Лена стала поправлять подушку у женщины, чтобы было чуть повыше. Мария стояла в изголовье и просто смотрела, чтобы знать, как ухаживать. Постояльцы из этой комнаты неофициально закреплялись за ней.
- Никогда не знаешь точно, что будет дальше, - зашептала она. – Маш, у нас тут умирала одна, четвёртая стадия была, терминальная. Умерла. Отвезли в «мертцецкую». А она, оказывается, напилась спирта и впала в алкогольную кому. Очухалась ночью и пошла бродить по коридору. Сиделку напугала – жуть! Та орала, как резаная. Уволилась на следующий день. А эту муж забрал домой. Оклемалась! Представляешь? С того света выкарабкалась, хотя шансов не было никаких! Медицина приговорила к смерти. Муж до машины на руках нёс. Нарадоваться не мог, что жива осталась. Ему ведь все уши прожужжали, чтобы гроб купил, на место на кладбище подобрал, а то лучшие участки расхватают. Издевались над мужиком, как хотели. А вон как вышло!
- Может, и эта выкарабкается, - предположила Мария.
- Может, - согласилась Лена. – Последний шанс всегда есть.
Они потихоньку вышли из комнаты и направились на веранду.
На улице было тепло, и постояльцы наслаждались чудесными июньскими днями.
Мария подошла к спецназовцу и сняла с него кофту. Он был настолько беспомощен, что сиделки порой воспринимали его как грудничка. Разрушался он в арифметической прогрессии. Ещё пару дней назад мог взять в руку чашку, а сейчас не держит.

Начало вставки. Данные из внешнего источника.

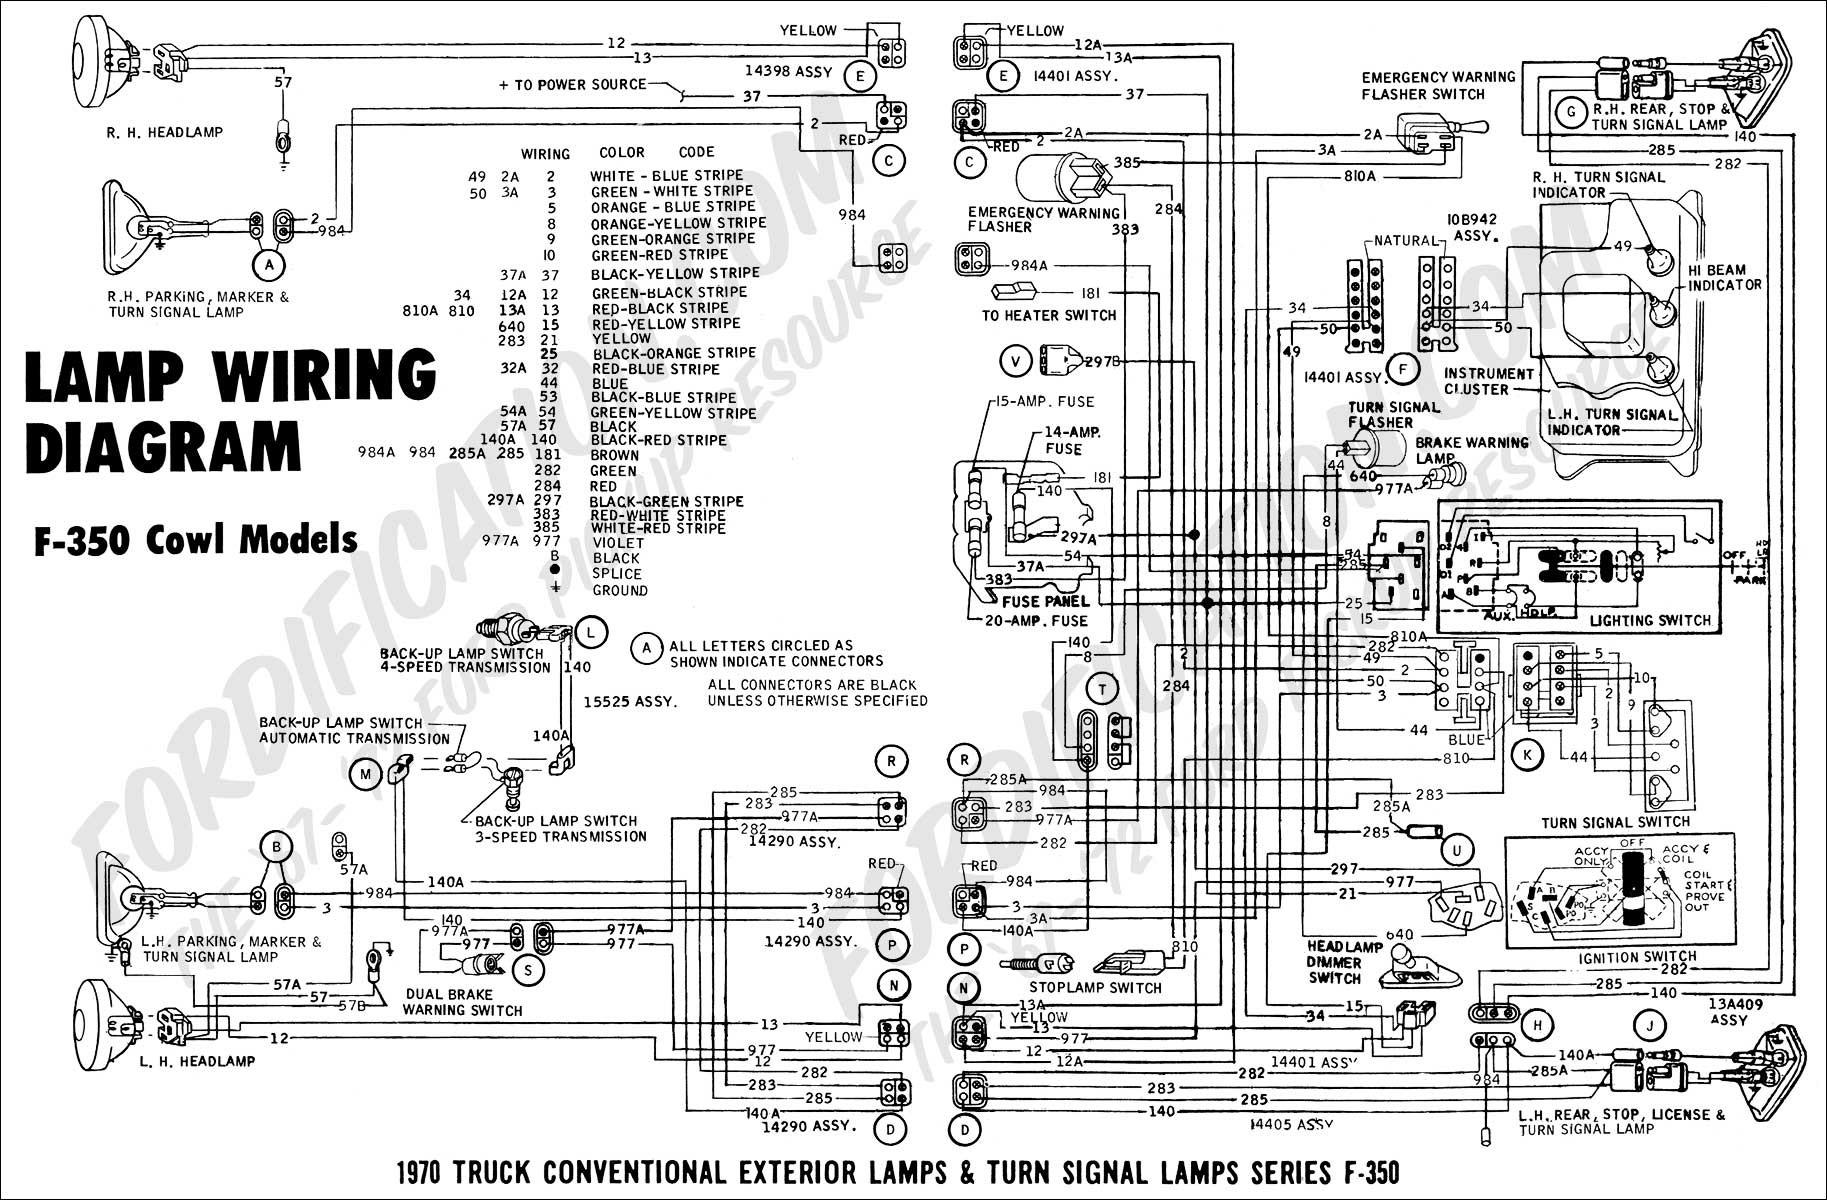 1986 ford F350 Wiring Diagram ford F350 Wiring Diagram 1 Lenito Of 1986 ford F350 Wiring Diagram

Мария кормила его с ложечки. Он благодарно отрывал рот, проглатывал, но без конца теребил её: «Почему сама не ешь? Почему не ешь?» Когда Мария проводила его мимо кухни, он неизменно кричал повару: «Её-то, её-то покорми!» И Марию это очень трогало. Казалось бы, болезнь его полностью разбила. Однако остались в нём лучшие человеческие качества. Приезжали его дочки и немного рассказывали о его жизни. Он был из многодетной крестьянской семьи, девятым по счёту ребёнком. Всё сам. На редкость трудолюбивый! Золотые руки, золотая голова и чугунная задница. Захотел в элитное военное училище – от учебников не отрывался. Поступил. При каждом удобном случае матери помогал, лишнюю копейку, которая заводилась в его кармане, ей отправлял. А вот случилось с ним такая болезнь. Но дочки очень хотели, чтобы он в очень хороших условиях последние свои дни прожил.